Just kidding – that’s a great way to kill your business. We often see small business owners who’ve fallen into the trap of overextension (trying to be everywhere at once with limited resources). Instead, start with 3 channels: your primary channel and 2 secondary channels. Your primary channel gets 50–60% of your budget and your secondary channels get 10–15% each.
Do look at the most-cited sources of influence, but also think about channel establishment costs, time to revenue, and your marketing capabilities. Your marketing agency/team can help you determine the 3 best options.
The remaining ~15% should be split between website costs (content maintenance, hosting, and so on), strategy and reporting costs (including non-channel-specific meetings), and general software costs.
Remember Brand Assets
Before you go ahead and actually allocate your budget, make sure you have your brand assets set up. That includes a website with essential pages, a logo, and, potentially, visual and textual style guides. If you don’t already have them, deduct the cost of their creation from your budget and then split the remaining budget as described above.
4. Review and Adjust Your Allocations
Review your new budget after 90 days. Look at what’s delivering revenue and think about adjusting your split or even replacing poorly performing channels. But, before you make any changes, keep a few things in mind.
- Some channels, like organic search, have longer ramp-up times than others. You should definitely be seeing revenue from your primary channel, but positive signals (such as leads or enquiries) from your secondary channels are acceptable.
- Consider the average interpurchase time for your category. If you work with high-value accounts that have long time periods between new purchases, don’t expect to see floods of new revenue in a few months. Your channels may take some time to bear fruit.
- Think about how you’re using your channels. If you’re focusing on problem, solution and/or brand awareness, expect to wait longer for revenue.

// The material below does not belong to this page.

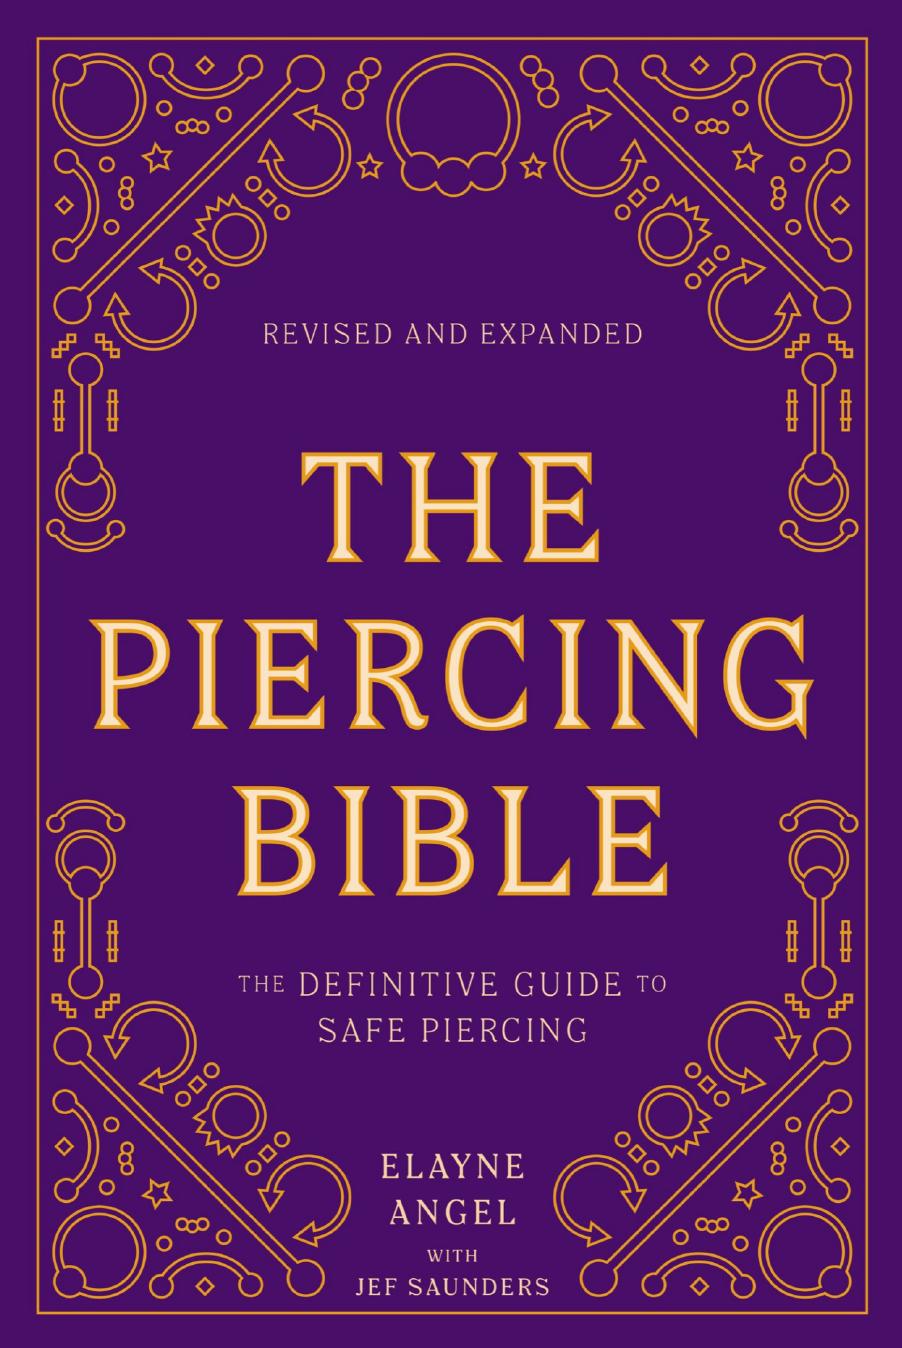 The Piercing Bible, Revised and Expanded by Elayne Angel

- Keep in mind that marketing is integrated – your channels work together. Don’t dismiss a channel just because it isn’t the last touchpoint for many customers.
Once you start seeing consistent revenue from your primary channel, you have 2 options: you can maintain your current split and just scale it up, or you can maintain the absolute investment in your primary channel, bump up one of your secondary channels to the same level of investment, then add on an additional secondary channel with your remaining budget.
If everything we’ve discussed sounds complex … well, it is. Budget allocation is difficult even for seasoned marketers. But getting it right is well worth the effort. If you can work out where to focus your marketing efforts, you’ve solved the biggest challenge to business growth.
And, if you don’t feel confident setting a budget yourself, talk to an agency or consultant. They’ll help personalise and implement the advice in this guide – which can save you a lot of time, headaches, and wasted money.